Mosely’s vision of Soviet Studies, closely tied to national-security interests, loosely connected to academic disciplines, and centrally administered by a self-selected network of scholars (heavily weighted with Columbia and Harvard men), did not survive his lifetime. The field’s rapid growth soon met with a democratizing impulse, as a new national membership organization, the American Association for the Advancement of Slavic Studies, took over some Joint Committee tasks. (The organization, still in existence, will change its name in 2010.) Scholarly exchange, which Mosely first proposed to the Soviet foreign ministry in 1943, came under attack in the 1960s. The exchange program met with increasing controversy in the American academy in what amounted to a generational divide. Students and young faculty chafed at the ways in which the American exchange organizers closely supervised their personal lives, and resented the involvement of the State Department.
For reasons both political and professional, a new generation of scholars rejected the field’s direct involvement in foreign policy. Increasingly critical of American policy in Vietnam and elsewhere, many young scholars rebelled against what they saw as government incursions into academic life.
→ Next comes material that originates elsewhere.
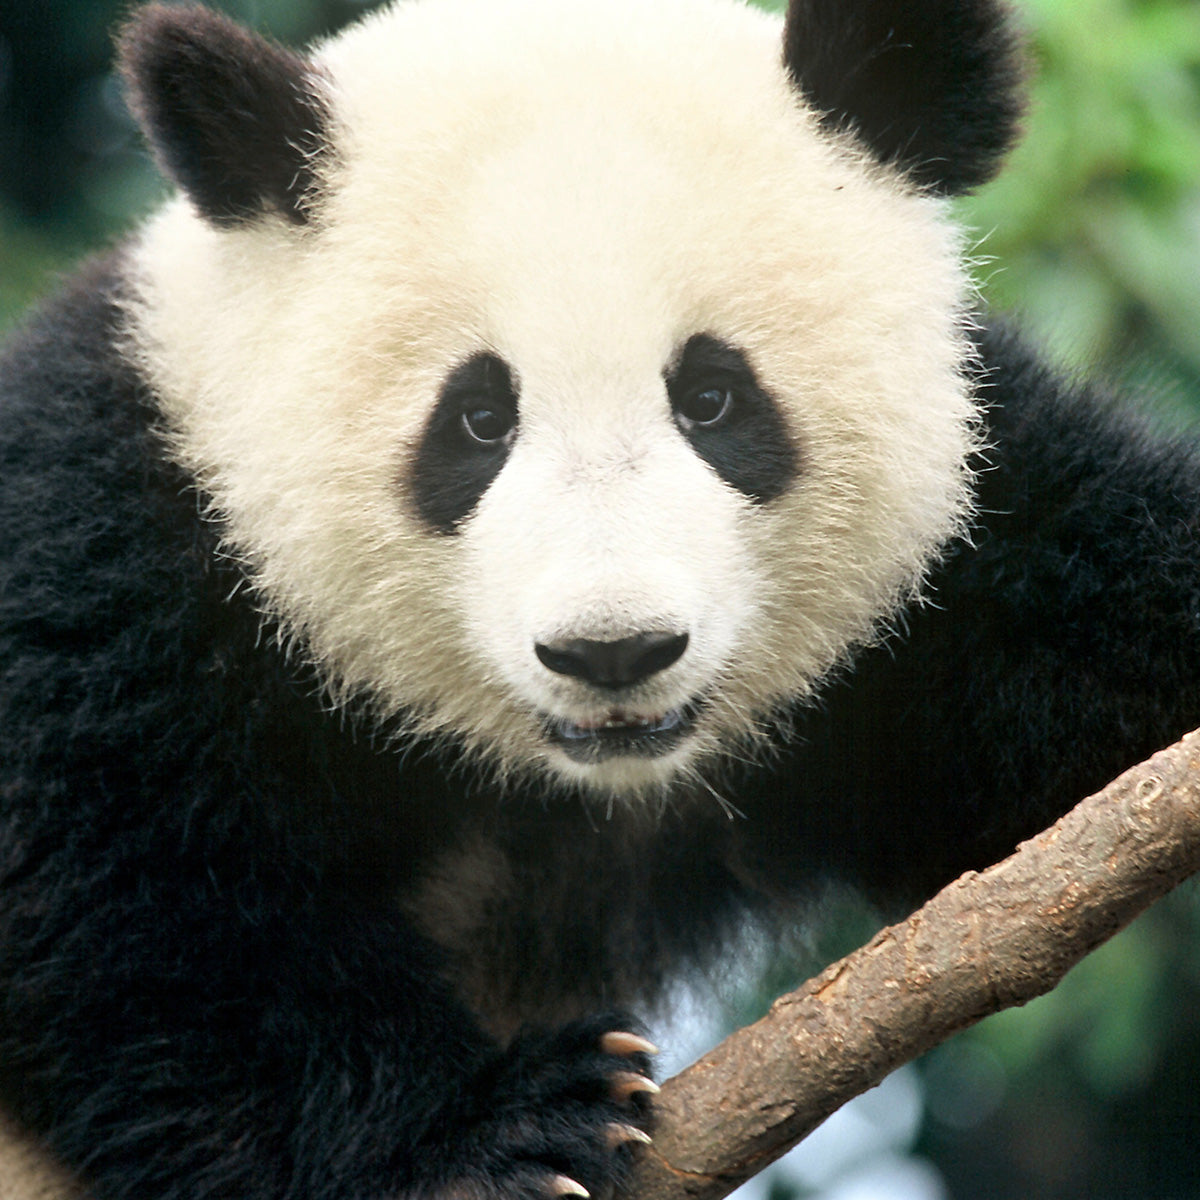 A close up photo of a giant panda

Others preferred to contribute to disciplinary journals rather than policy debates; in doing so, ironically, they benefited handily from the scholarly exchanges that Mosely promoted as well as sources like the Smolensk documents and the Bakhmeteff Archive that Mosely helped organize.
For all of his insights about the USSR and his renewed work in teaching (he had returned to Columbia in 1963), Mosely did not fathom these changes. In an essay published in 1967, as conflicts brewed on campuses all over the country, Mosely praised scholars for their impact on affairs of state. Five years later, upon Mosely’s death, came Secretary Rogers’s praise that Mosely did not distinguish between academic and government work. Undoubtedly an exaggeration, it nevertheless reflected Mosely’s long-standing commitment, forged during World War II, to serve Mars and Minerva, the gods of war and wisdom. Yet by 1972 such sentiments were hotly controversial.
Mosely’s accomplishments were many. He brought together disparate groups to forge a field that shaped foreign policy and academic life for almost three decades. He helped hundreds of students, giving many of them more attention than they received from their ostensible advisers. He aided Russian émigré scholars more than any other non-émigré. Yet the rise and fall of his vision of Soviet Studies tells us as much about the assumptions of the greatest generation as it does about the anger of its successors.